Ja pustkę…
chciałam wczoraj B I N G O L I choć anagram wysłać, ale ze słowem Przemyt nic nie wpadło mi do głowy.
Ja pustkę…
chciałam wczoraj B I N G O L I choć anagram wysłać, ale ze słowem Przemyt nic nie wpadło mi do głowy.
Pustka, to pół biedy.
.gorzej jak się ma łeb pełny i pusty jednocześnie.
Z tą drugą połową biedy żyje się lepiej?
można z niej coś jednak wydziobać…
na przyszłość
Nie wiem, którą połowę posiadasz.
.tą większą, czy mniejszą?
Połowa, to 50/50
Nie ma większej lub mniejszej.
Ale co Ty tłumaczysz?
I tak większa połowa z nas tego nie zrozumie.
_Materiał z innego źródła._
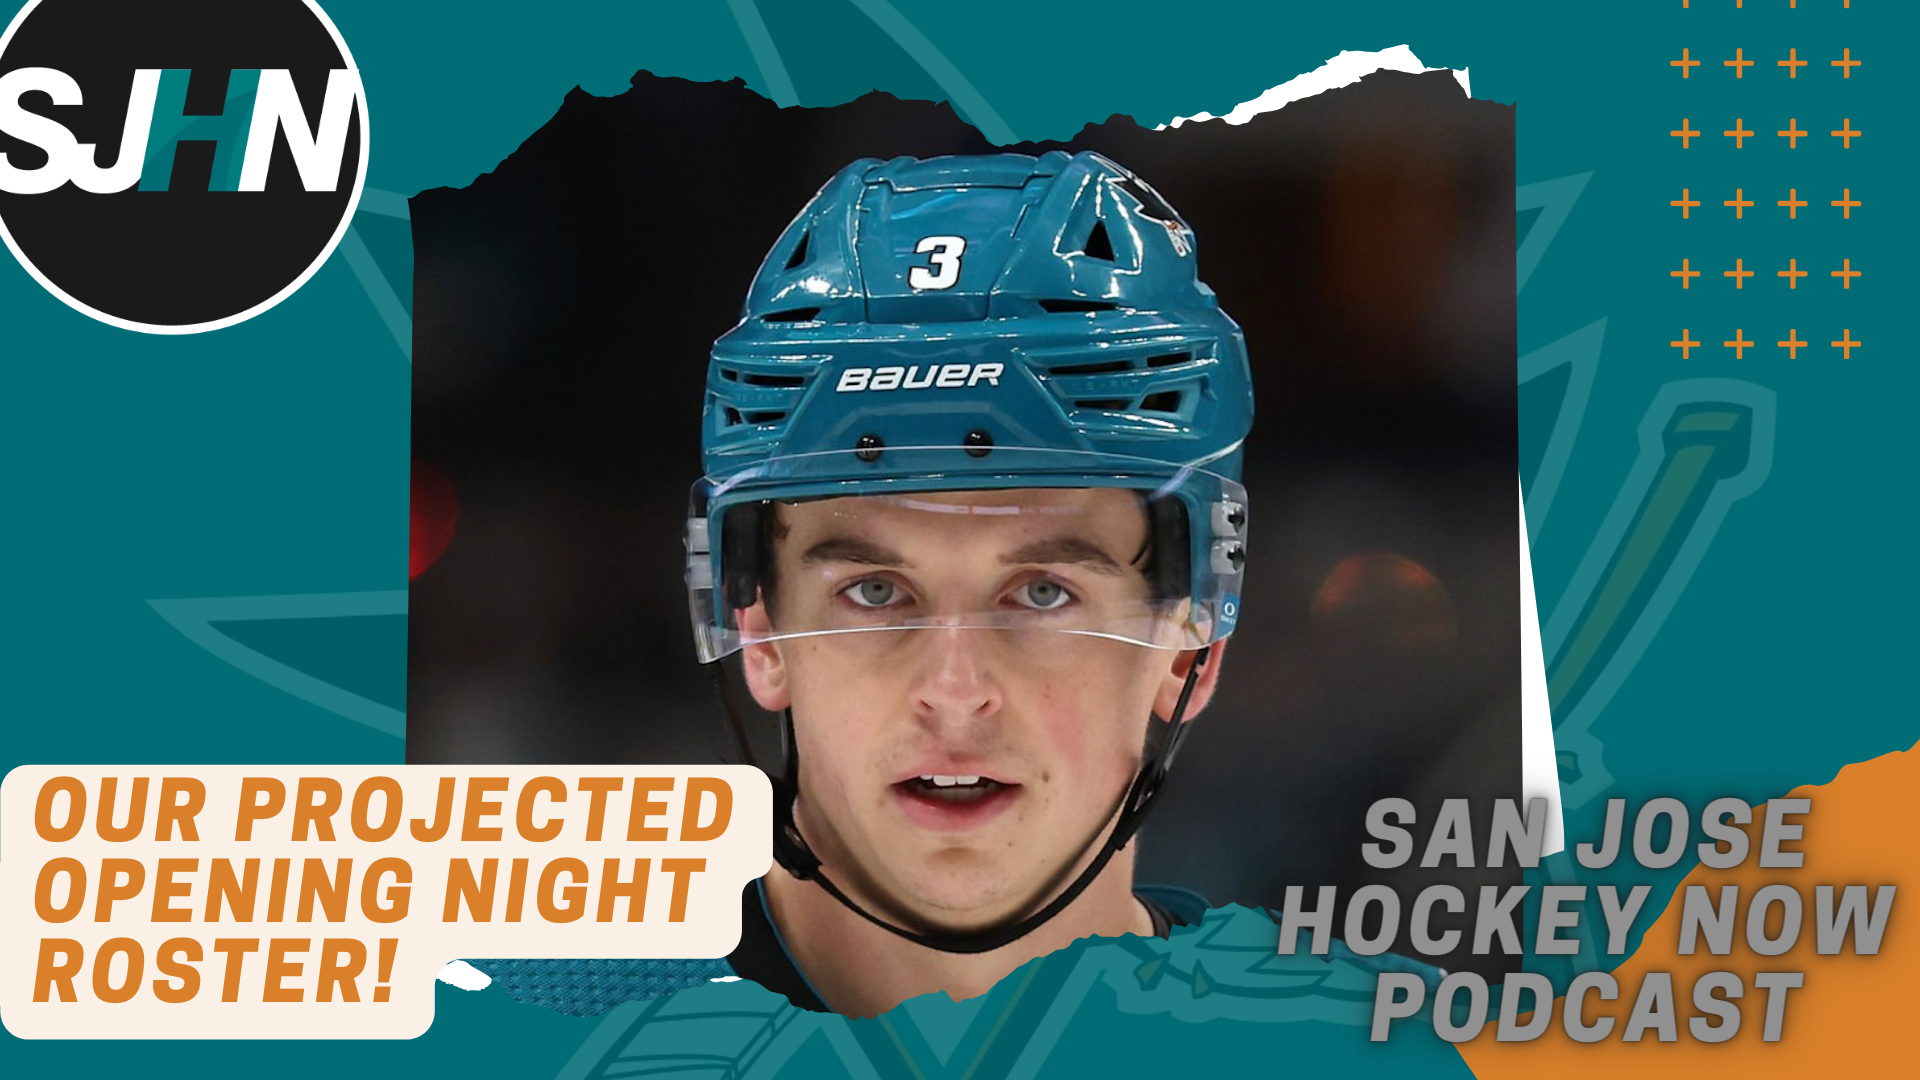 Here's the latest on San Jose Sharks team direction

Pięćdziesiąt pięćdziesiatych równa się jeden.
.a nie mniejsze pół.
I tu się mylisz.
Ja zrozumiałam i zapamiętałam.
Na starym pytamy rozmawialiśmy o czymś, nagle ja wyskoczyłam z tekstem: …większa połowa…
Powinnam poprawnie napisać: większa część…
Od tej pory mam w głowie, że połówki są równe
Większa połowa populacji nie rozumie tego, że połowy są równe.
To nie ma znaczenia, podziurawiony jak durszlak
To by tłumaczyło jego (łba) pustość.
.zapchać.dziury.byleczym.
zapycham Pytamy
E tam. Zapychając bylejakim Pytamy, zapchasz bylejak.
.prądu szkoda.
Polowka to polowka, nawet jak ja ktos napocznie i zostanie cwiartka.